The coronavirus outbreak and the move for many to working at home or at other locations means we must make some rapid and flexible adjustments to the ways we work. The health and wellbeing of ourselves, our teams and our loved ones is paramount – we need to look after each other and have regular wellbeing check-in’s.
We understand that many of our colleagues will be worried about coronavirus (COVID-19) and its potential impact. We also recognise the additional difficulty that COVID-19 could place on our managers and their teams. We encourage all managers to think creatively about how you can best support your teams in caring for their health and reducing their risk of exposure to COVID-19, while continuing to enable them to perform the important work they do.
This page provides information to prepare colleagues and teams to work together effectively in our new circumstances. It is a starting point for teams to review and adapt to suit their new ways of working. You can adapt the language and tone of this guidance to make it appropriate to your teams. You could hold a virtual team meeting to test out and develop the guidance – please also revisit and evaluate the guidance regularly with your team.
The overriding objective is to continue to deliver outstanding service in all that we do, including how remote working operates in practice. Responsibility for making this work rests equally with individuals and managers, who together need to assess the opportunities and challenges, openly and honestly, including the need to ensure equality of opportunity across teams. Careful advance consideration, planning and agreement will help.
In the spirit of supporting efficiency and flexibility for King’s staff, we have produced the following guidance on remote working on an ad hoc basis to supplement King’s College e-Working Policy (internal).
- Working hours: consider maintaining regular hours, with adjustments for established flexible working arrangements.
- Contacting colleagues: people should be available during their working hours by either phone, Teams or Skype. You should make it clear how you can be contacted through your Outlook calendar.

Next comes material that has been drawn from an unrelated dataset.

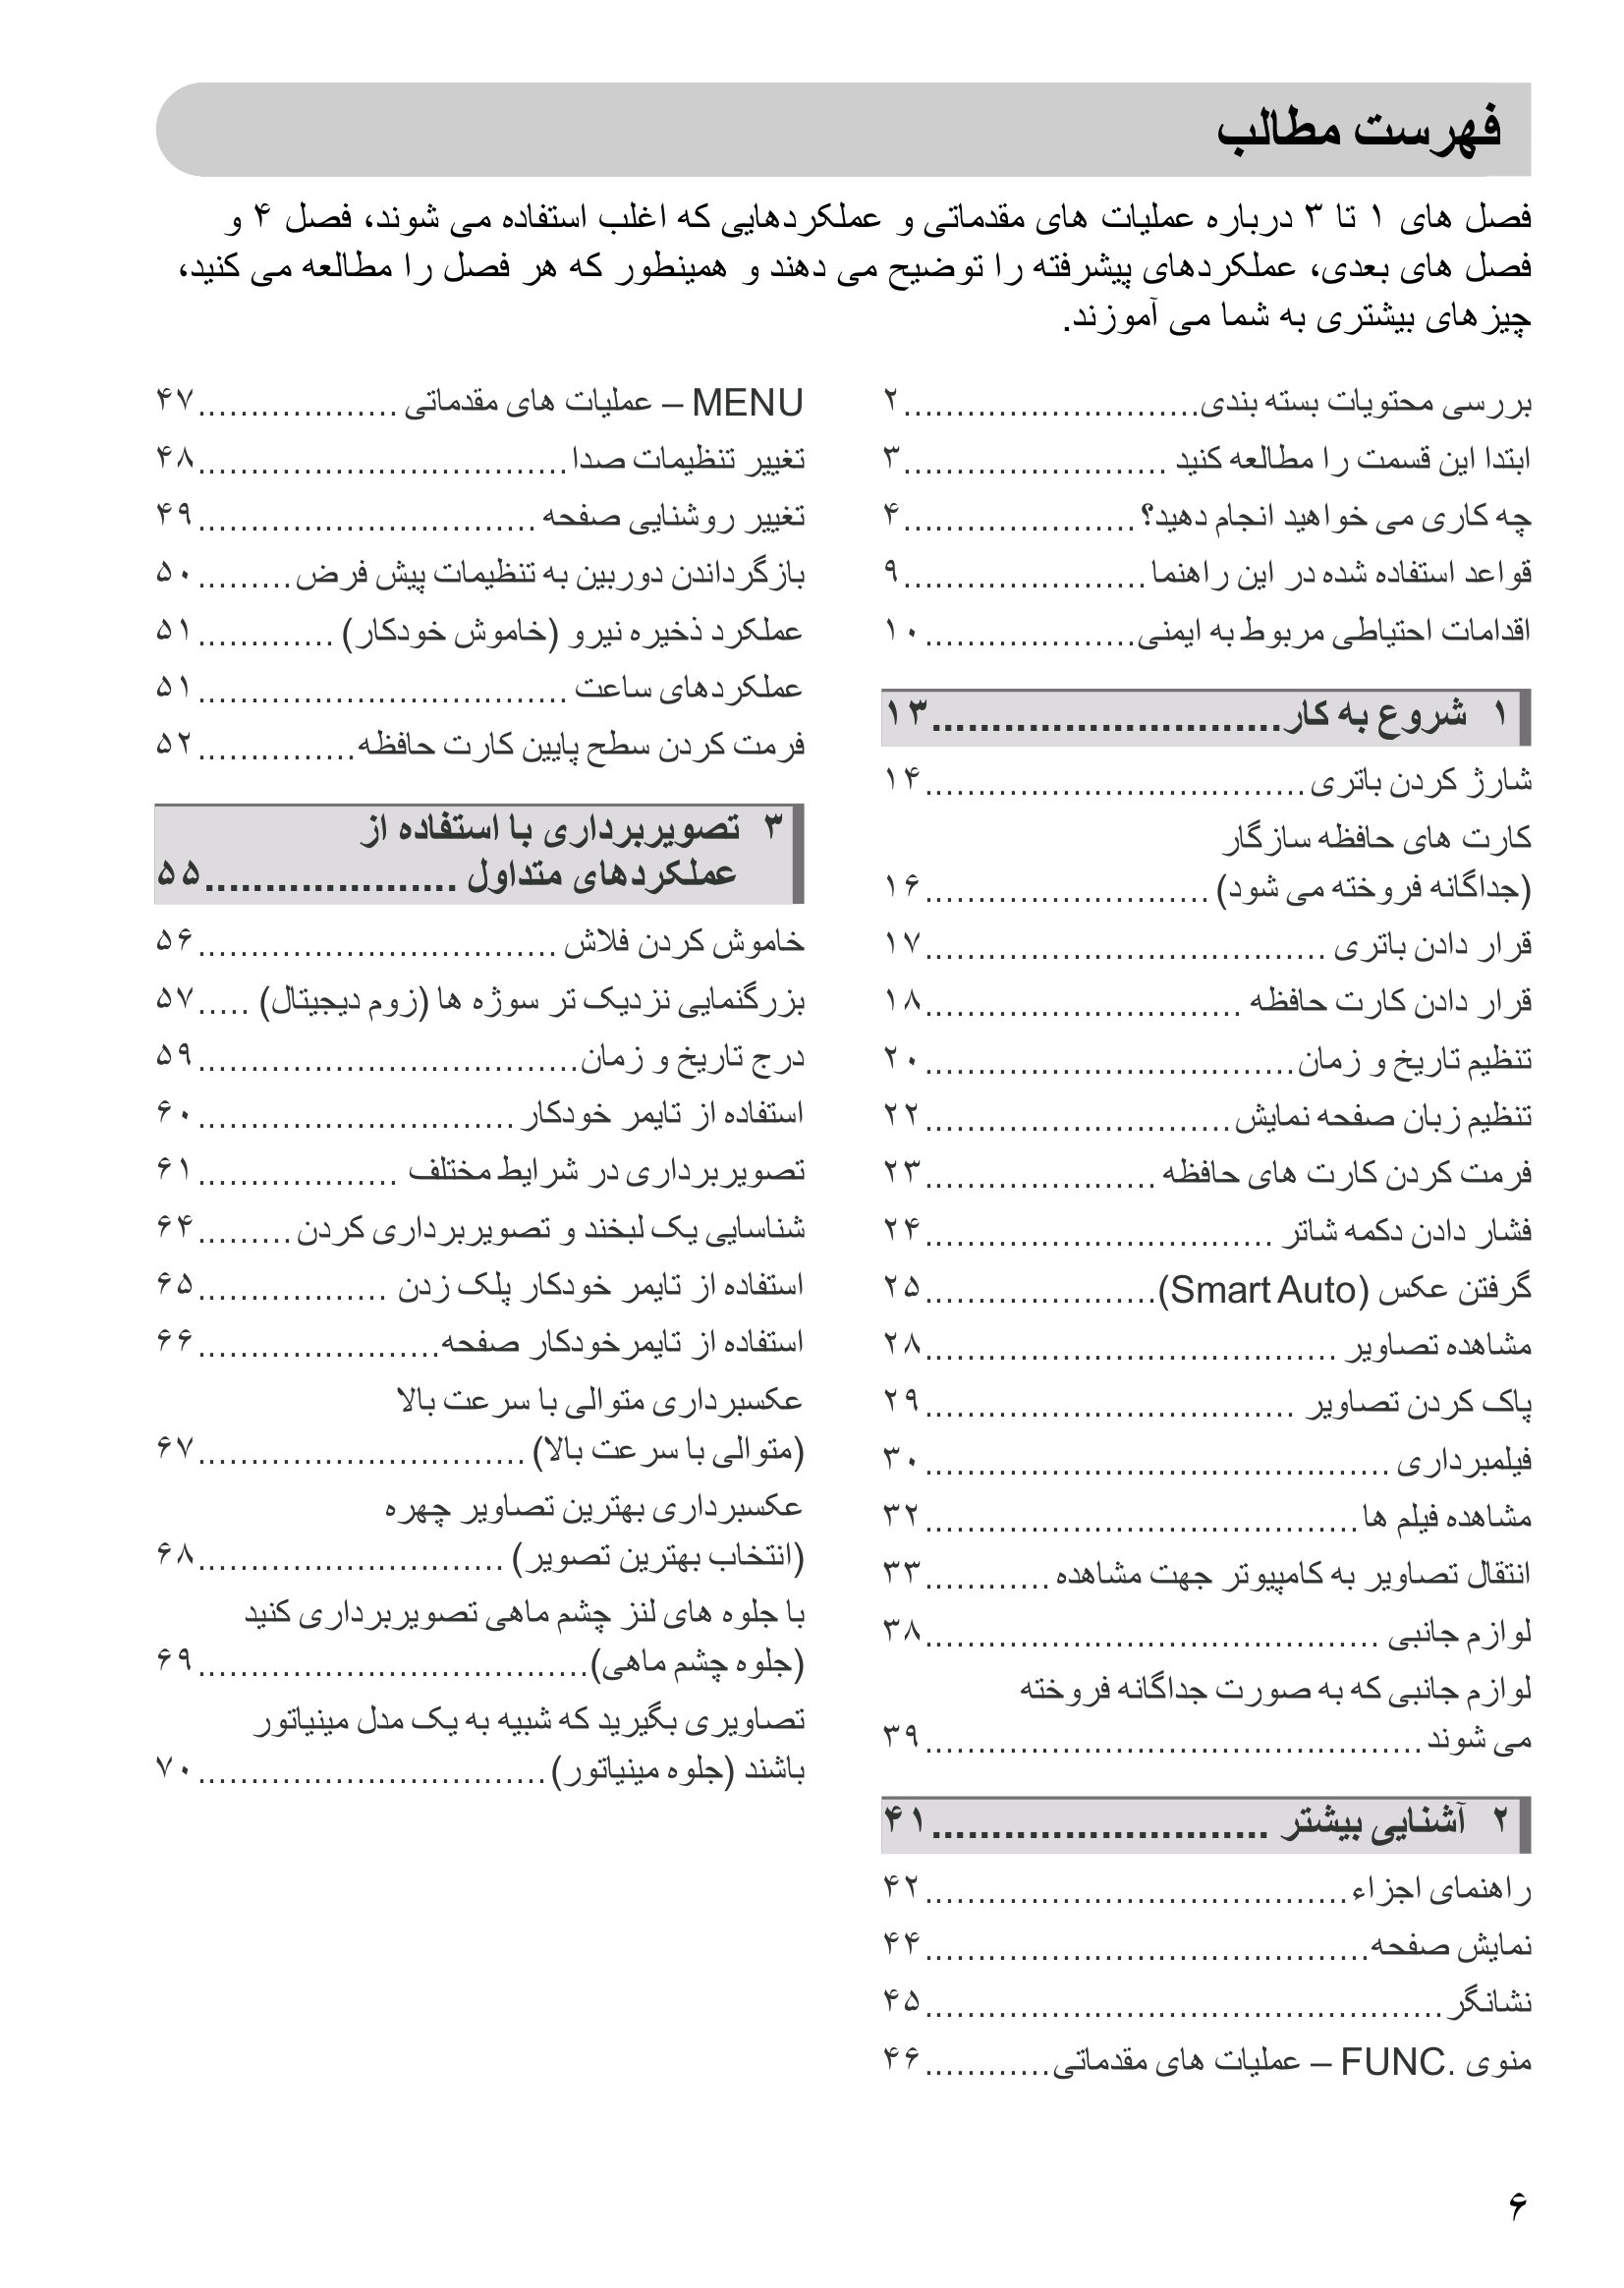 دانلود دفترچه راهنمای فارسی دوربین کنون 1000HS

- Contact details: individuals can consider sharing their contact details with their line manager.
- King’s laptop check: is it in good working order and can you access what you need from home? If you don’t have a laptop, discuss with your line manager.
- Do you have the relevant accessories, eg charger, laptop bag, headset?

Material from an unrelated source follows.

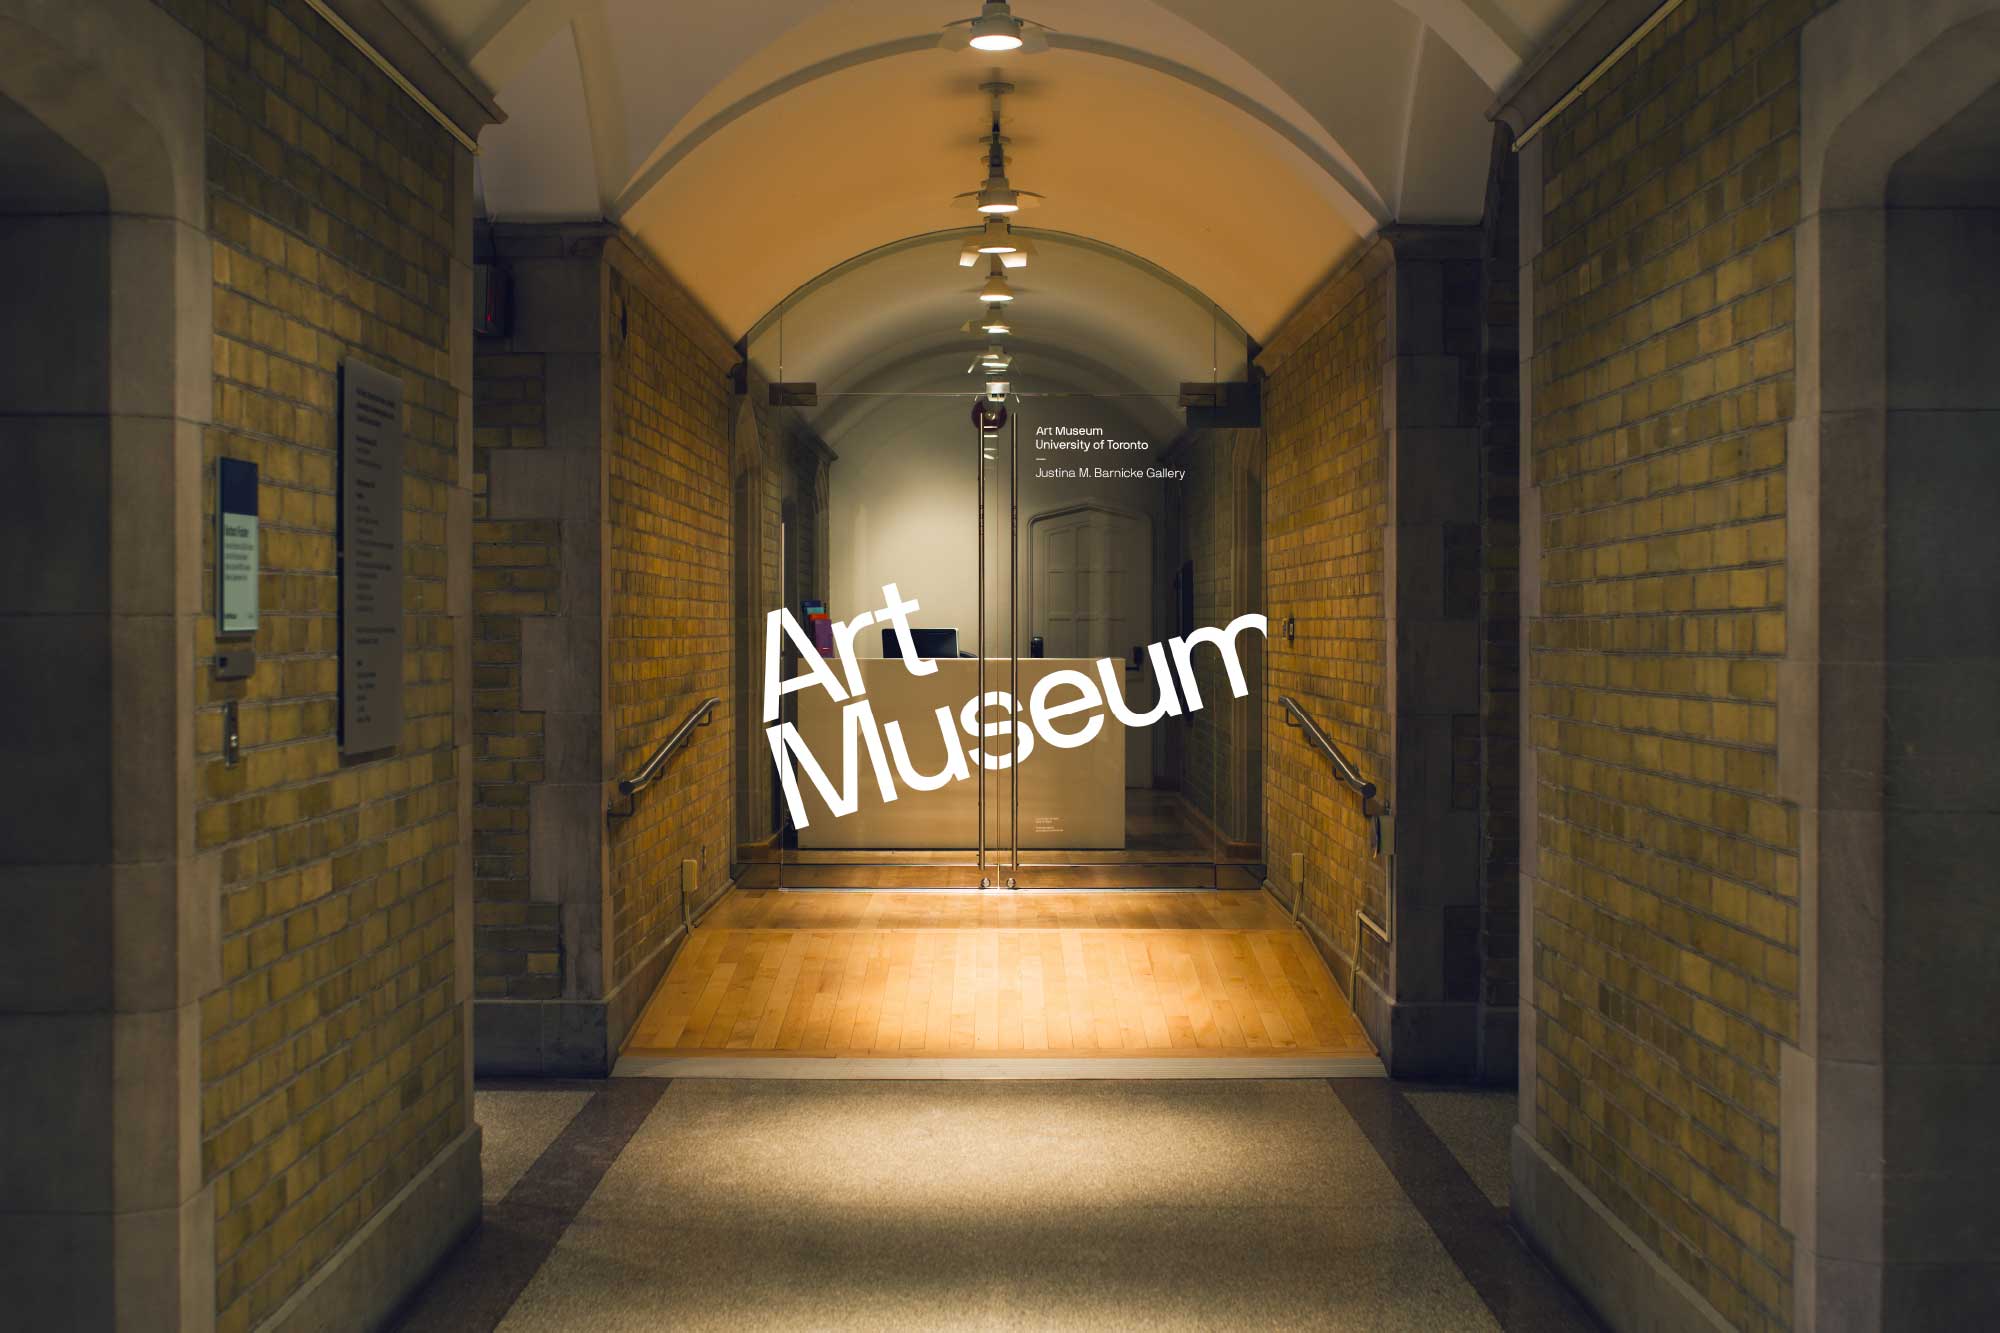 Art Museum door signage

- Do you need a headset? Order a headset [select 'Dell & Non-Standard Equipment Order Form] (internal).
- Do you need a carry case for your laptop? Equipment Order Form (internal).
- Consider moving meetings to Microsoft Teams. See guidance about using Teams (internal).

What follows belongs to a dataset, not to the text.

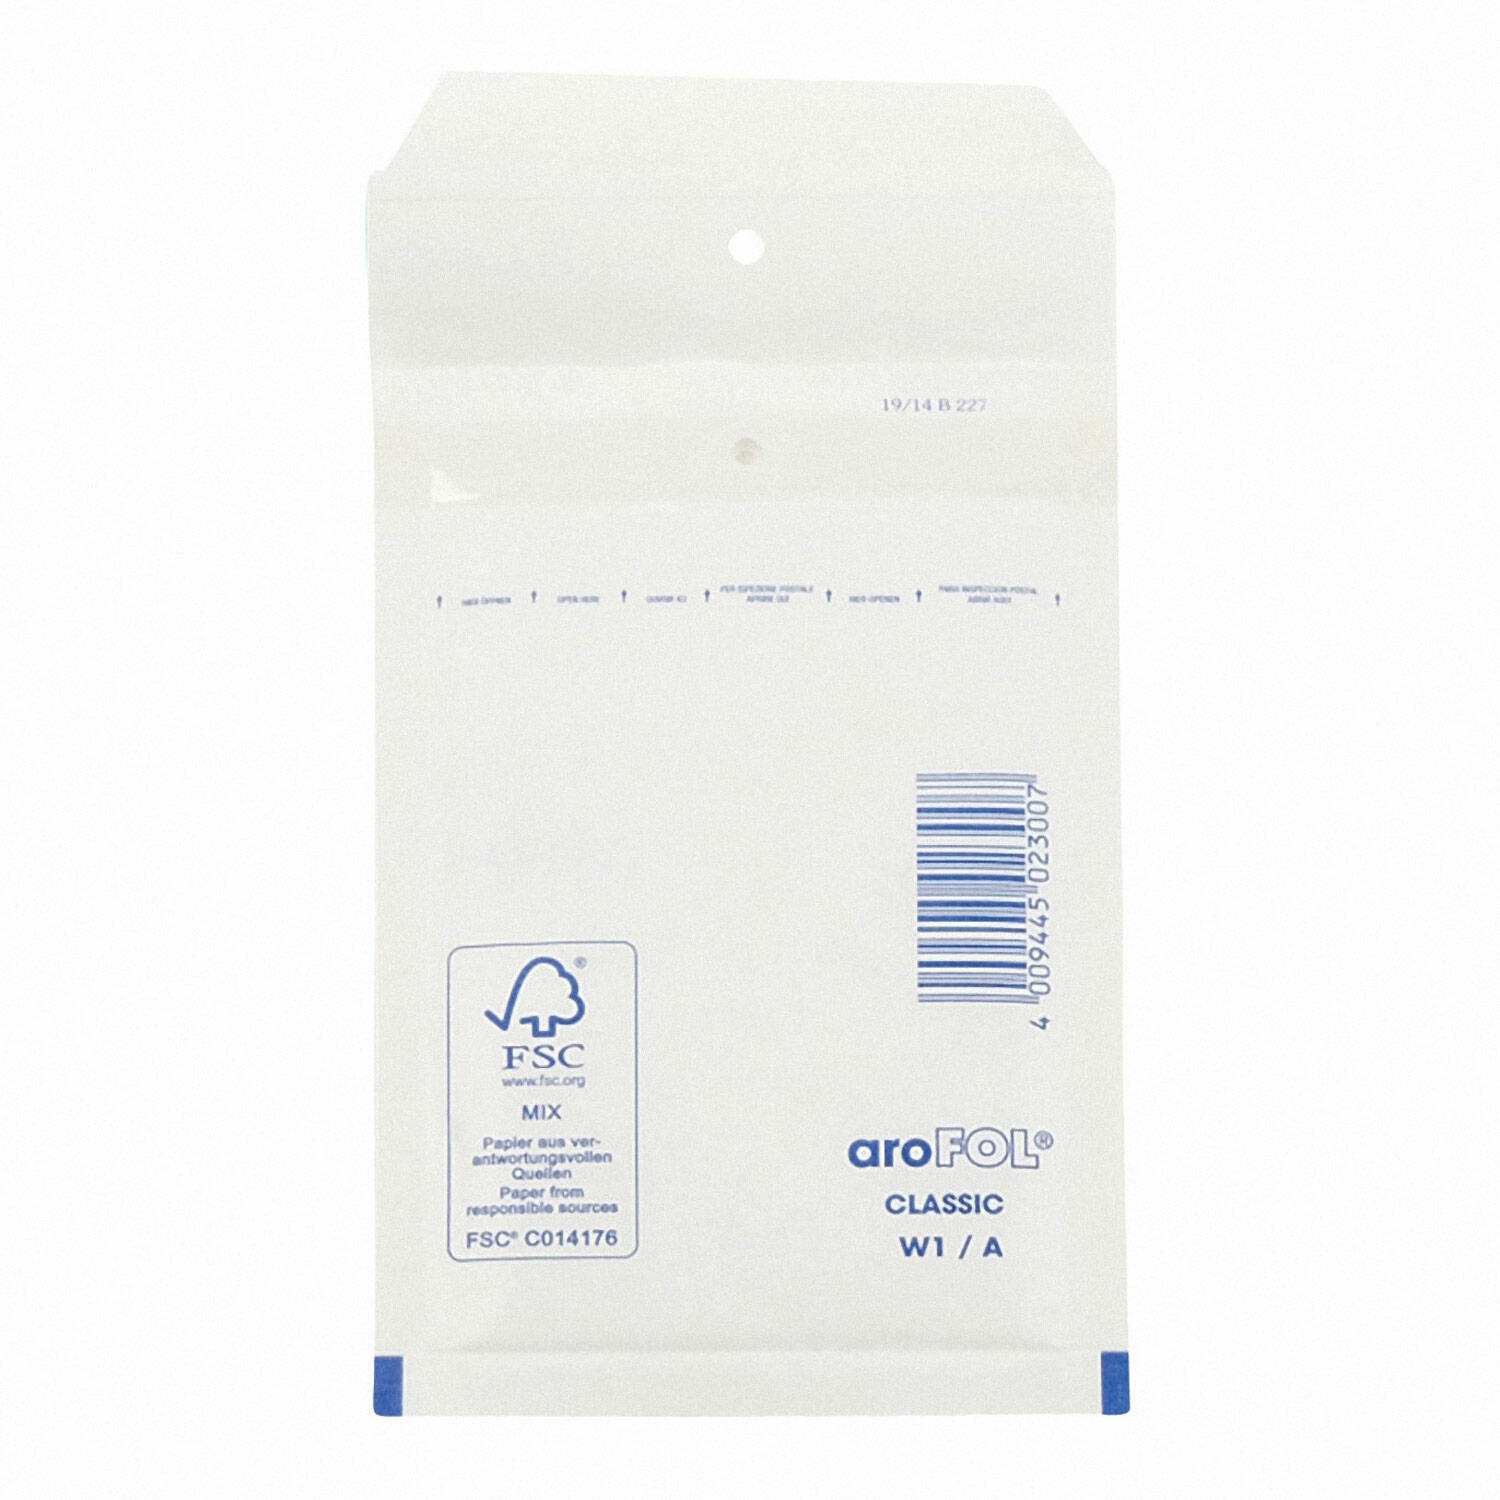 AROFOL CLASSIC Luftpolstertasche  1/A-11W, 100x165mm, weiß

- OneDrive can be used to transfer access and shared personal files. Alternatively, SharePoint can be used for sharing files with diverse groups, through the creation of a dedicated site.
- Find out how to get started with using OneDrive and SharePoint if you haven’t used them before (internal).
- Keep your Outlook calendar up to date: this should be open and shared with your team.
- Working environment: make sure your home environment is safe and suitable.
- Follow relevant DSE good practice (internal). Speak to manager if you have concerns.
- Take breaks: We encourage you to take breaks from your workstation. Make time for proper meals, drink water regularly and leave your desk for lunch.
- Distinguish between work and home mode: consider what you will do in your usual commute time, eg breakfast, exercise.
- Routine: Try and establish a regular routine, it helps maintain focus.
- Set boundaries to the working day. For example, you could take a 20-minute coffee break in the morning and exercise right after work to close the day.
- Manage your mental health: focus on what you can control and follow trusted sources only.
- Consider regular check-in meetings using Microsoft Teams.
- Consider setting up a Teams site to use for more important comms during periods of home working.
- Be sociable: loneliness is one of the most common reported challenges of remote working. Try to keep in touch with people by regular face-to-face interaction online through video calls, regular manager check-ins.
- Avoid isolation: consider having work-from-home buddies for a regular daily chat.
- Be explicit: in a written environment, your tone of voice and body language are no longer available to you to communicate key messages, so choose your words and punctuation carefully. Every adjective, full stop and exclamation mark matters.
- Written comms: keep all written correspondence short and concise, leaving no space for misinterpretation.
- Daily coffee break: experiment with a daily 15-minute coffee break for all staff on teams.
- Who leads the meeting? Assign a team member who is technically interested/intuitive to support the team’s virtual meeting.
- Having voices heard: in group meetings there may be extraverts and introverts. Allow everyone time, go round the group so everyone can have their say.
- Include questions for the host in the chat function (for those who haven’t spoken up).
- Stay on mute until you wish to speak, to avoid background noise.
- Set goals as individuals and/or team: what do you want to achieve with remote working? What are your goals?
- Consider a structure to your time. For example, working in 45-60 minute chunks of focused work followed by a short break.
- Consider what will you be missing as a team by not seeing each other face to face?